When an Elassandra datacenter is deployed, a SSL/TLS keystore is generated from the namespaced root CA certificate if it does not exists in the secret elassandra-{clusterName}-{dcName}-keystore. This certificate has a wildcard certificate subjectAltName extension matching all Elassandra datacenter pods. It also have the localhost and 127.0.0.1 extensions to allow local connections.

This TLS certificates and keys are used to secure:

  • Cassandra node-to-node and client-to-node connections.

  • Cassandra JMX connection for administration and monitoring.

  • Elasticsearch client request overs HTTPS and Elasticsearch inter-node transport connections.

Alternatively, your may use the cert-manager to manage theses certificates in a Kubernetes secret having the same name and content.

Note

In a multi-datacenter cluster, you don’t need to copy this secret to all datacenters.

Elassandra Credentials

Elassandra operator automatically create strong passwords in the elassandra-{clusterName} secret for the following account if they does not yet exists :

  • Cassandra cassandra superuser.

  • Cassandra admin role with the cassandra superuser privilege.

  • Cassandra elassandra_operator role with no superuser privilege.

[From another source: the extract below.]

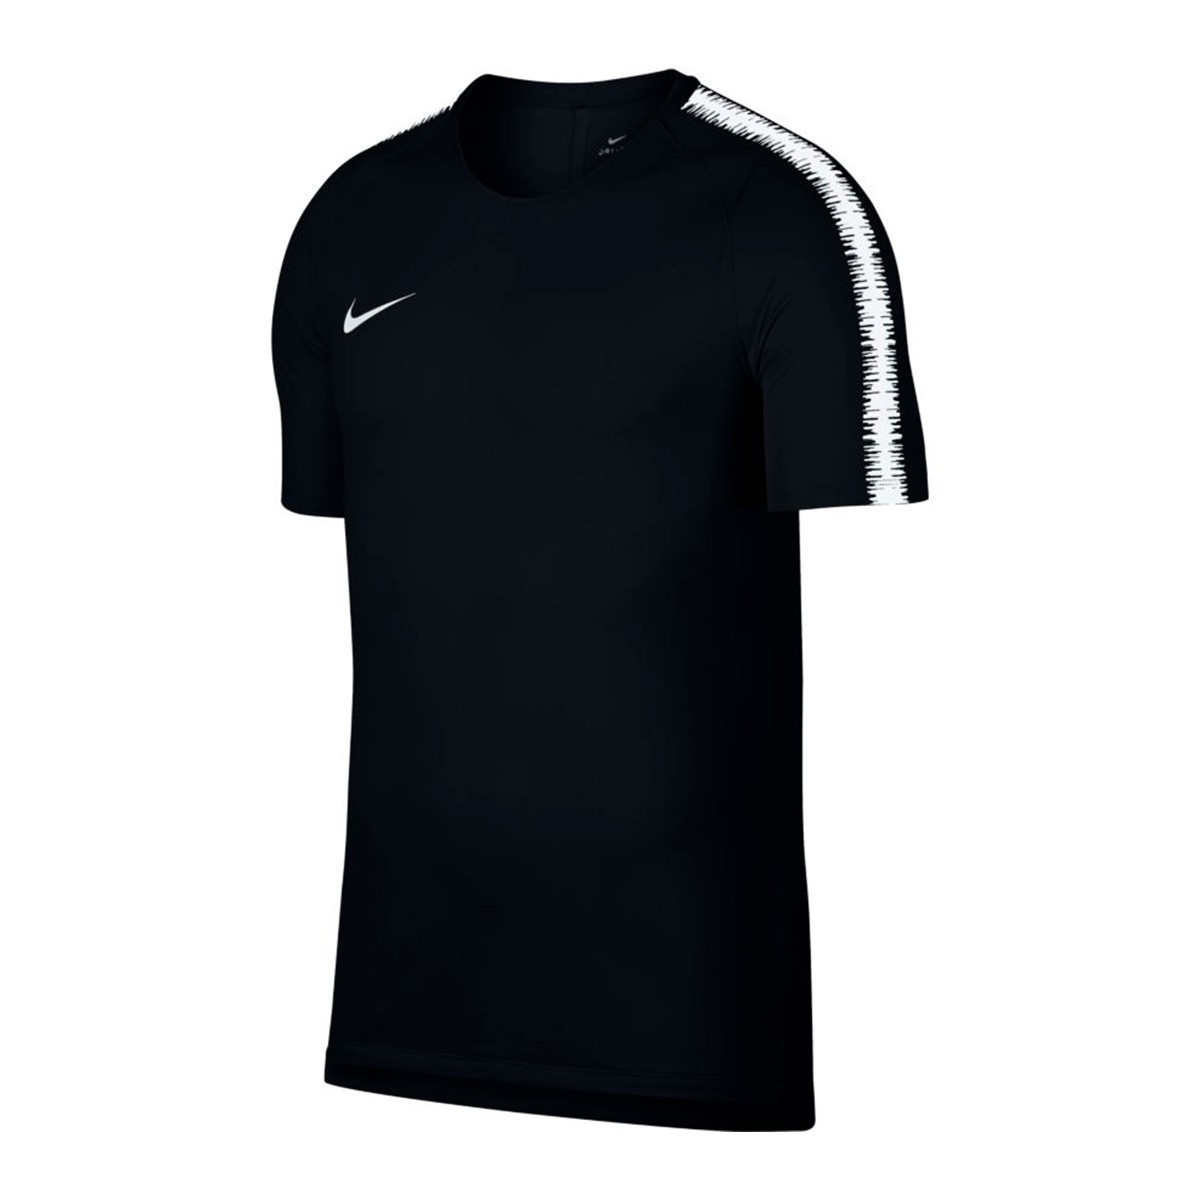 Camiseta Nike Breathe Squad Black-White - Tienda de fútbol Fútbol Emotion

  • Cassandra JMX password

  • Cassandra reaper admin password.

Here is such kubernetes secret for an Elassandra cluster named cl1:

kubectl get secret -n ns1 elassandra-cl1 -o yaml
apiVersion: v1
kind: Secret
metadata:
  creationTimestamp: "2020-06-08T13:15:55Z"
  labels:
    app: elassandra
    app.kubernetes.io/managed-by: elassandra-operator
    elassandra.strapdata.com/cluster: cl1
    elassandra.strapdata.com/credential: "true"
  name: elassandra-cl1
  namespace: ns4
  ownerReferences:
  - apiVersion: elassandra.strapdata.com/v1beta1
    blockOwnerDeletion: true
    controller: true
    kind: ElassandraDatacenter
    name: elassandra-cl1-dc1
    uid: 497b922d-874c-4f2d-bf05-a31a3f4682de
  resourceVersion: "131584"
  selfLink: /api/v1/namespaces/ns4/secrets/elassandra-cl1
  uid: 8b27562c-54c3-48fb-8bfd-91ab253da775
type: Opaque
data:
  cassandra.admin_password: MmY5N2IzYWUtNWYyYy00MGI0LTgwMmEtYjIzOTZlOGU2Yzhi
  cassandra.cassandra_password: MzM5MTVhOTYtNTQyMC00ZmI0LTlkMjctMDE2Y2VhNmNmZDM0
  cassandra.elassandra_operator_password: ZmQ2NTI5NGQtZTI1ZS00MzFhLWFkZTctYzE2ZjQwOGY5ZDU0
  cassandra.jmx_password: NzRmYzUxM2YtYjkzNi00NzU2LWE3ZTEtNmVjMGM4Y2NlMTc4
  cassandra.reaper_password: YWM0ZmM2ZGMtZWI5OC00ZWQxLWI1NTUtYjg1NjEyYTMwZGJl
  shared-secret.yaml: YWFhLnNoYXJlZF9zZWNyZXQ6IDE0MjY0YjI4LWQ0ZTAtNGFkMC05MDUzLWE0NjUwMzk2MDI3Mg==

Like for certificates, in a multi-datacenter Elassandra cluster deployed in different namespaces or different Kubernetes clusters, you must copy this secret to all Elassandra datacenters.